The Risk Manager, Winter 2012
Case I: In Minneapolis a mother discovered her daughter drawing on paper given to her at school which contained on the back detailed medical information about a woman. It was soon learned that a paralegal working at a Minneapolis law firm had, rather than destroying old documents, donated them to the daughter’s school. Needless to say the woman whose confidentiality was breached is upset and the law firm has a serious problem with her and other clients whose confidential information was revealed.
Case II:The Baltimore Sun recently reported this careless handling of electronic files:
A Baltimore law firm lost a portable hard drive containing information about its cases, including medical records for 161 stent patients suing [a] cardiologist … a firm client, for alleged malpractice ….
The drive was lost Aug. 4 by an employee of Baxter, Baker, Sidle, Conn & Jones who was traveling on the Baltimore light rail, according to a letter obtained by The Baltimore Sun that was sent to one of the stent patients last week — two months after the drive went missing.
The storage device held a complete back-up copy of the firm's data, including medical records related to the stent malpractice claims, along with patient names, addresses, dates of birth, social security numbers and insurance information.
It was taken home nightly as a security precaution in case of fire or flood, a firm spokesman said, though the portable information was not encrypted — among the most stringent security precautions that is standard practice for health professionals dealing with medical records. (emphasis added)
In Case I obviously the paralegal made a serious mistake, but so must have the firm’s management in not assuring that the paralegal knew client confidentiality requirements and file destruction procedures. In addition to meeting your professional responsibility to train paralegals (see SCR 3.130(5.3), Responsibilities Regarding Nonlawyer Assistants), be sure your firm has written file management and destruction procedures. For file destruction we recommend that:
- At the conclusion of a matter assign the file a closed file index number.
- Check for outstanding fees and proper client trust account documentation.
- Return client property such as original documents being sure to copy any returned documents necessary for the firm to have a complete file.
- Strip the file of duplicate documents, etc. – do not remove work product such as drafts, phone messages, or research notes.
- Send a closing letter to the client.
- Assign a file destruction date and calendar it in the office closed file index.
- At the time a file is calendared for destruction notify the client by certified mail. Advise that in the absence of instructions to the contrary the file will be destroyed after the date indicated in the notice.
- If the client cannot be located, files may be destroyed in the lawyer’s sound discretion. KBA E-300, however, advises that these files should be destroyed only if they contain no important papers.
- In destroying files client confidentiality must be preserved. Firms in states with paper recycling laws failing to shred documents or disposing of files in clear plastic bags have had problems. Literal destruction of the file is recommended – shred or burn.
In Case II it is ironic that in an effort to safeguard client information the firm managed to expose itself to a major breach. It is worse than ironic that the firm would not think to encrypt the data on such an important electronic file that was routinely carried out of the office.
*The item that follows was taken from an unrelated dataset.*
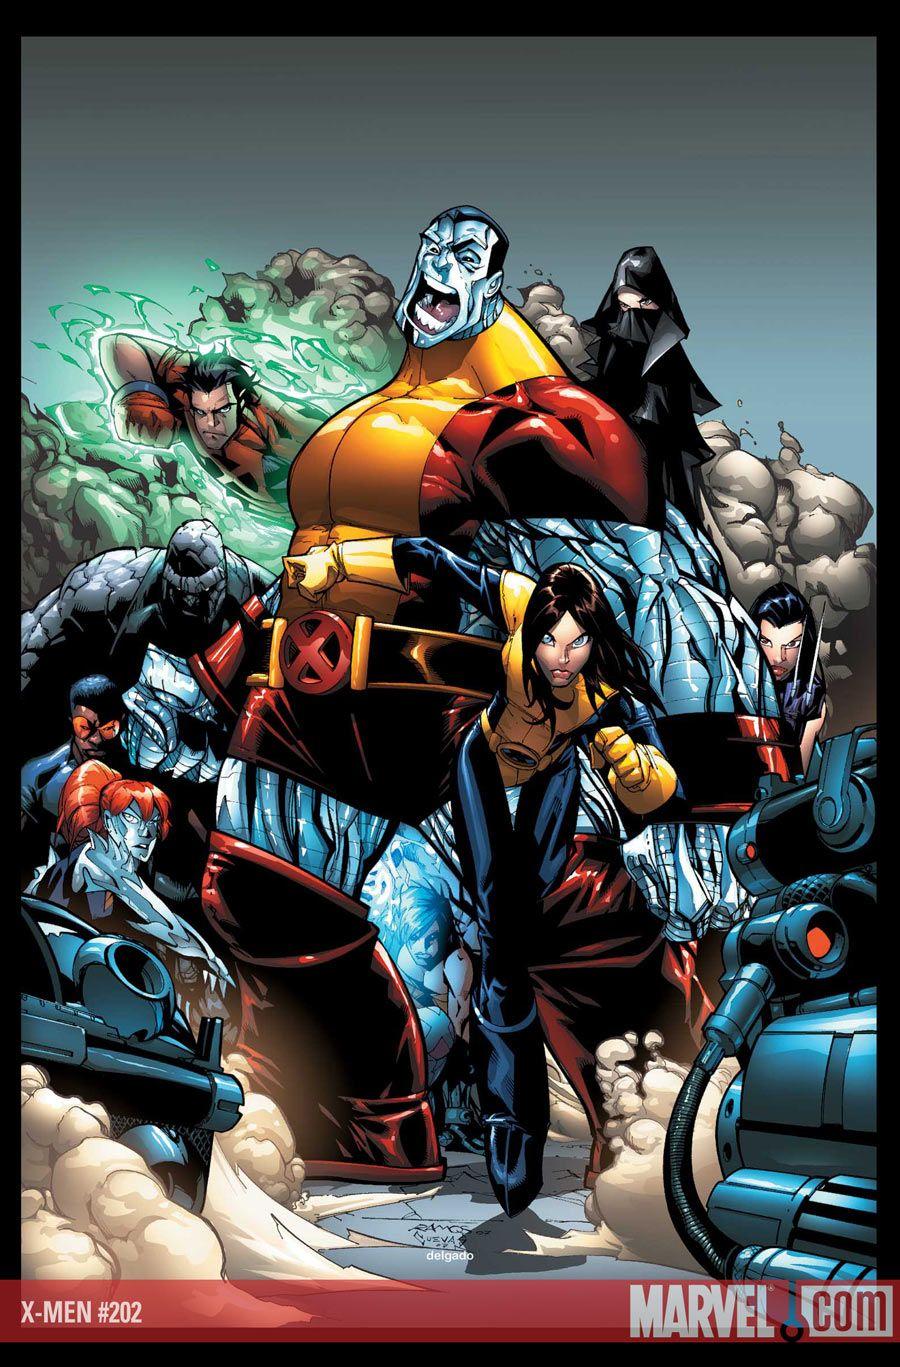 X-MEN  Looks like dust, hellion, collosus, x23, and shadowcat are

In our Spring 2011 Newsletter we offered this checklist from the article Serious About Confidentiality (The National Law Journal, October 18, 2010) by Michael Downey of Hinshaw and Culbertson:
- Adopt clear policies and educate all personnel about the proper use and disclosure of client confidences, including to the media and on the Internet, and the consequences of noncompliance.
- Purchase travel laptop computers and flash drives protected by full disk encryption, and insist that lawyers and staff use such protected devices when they travel with client-related or other sensitive information.
- Ensure that all computer systems, scanner/copiers and smart phones that can send and receive data have password protections activated.
- Ensure that people who have access to firm facilities and information can pass reasonable background checks and agree in writing to preserve confidences.
- Keep the most sensitive information off the Internet, or at least secured on document-management systems.
- Provide for secure disposal of confidential information at each workstation, as well as at copiers, printers and the like, and also for secure disposal of any computers (home or office) or data-storage devices that might contain firm-related information.
- Assess whether the firm should purchase additional insurance or equipment to protect against data disclosure.
- Plan now how the firm will respond to any disclosure that may occur, including how notice will be given to regulators, affected clients and the public, and what actions the firm will take to re-establish protection and sanction anyone who caused the disclosure.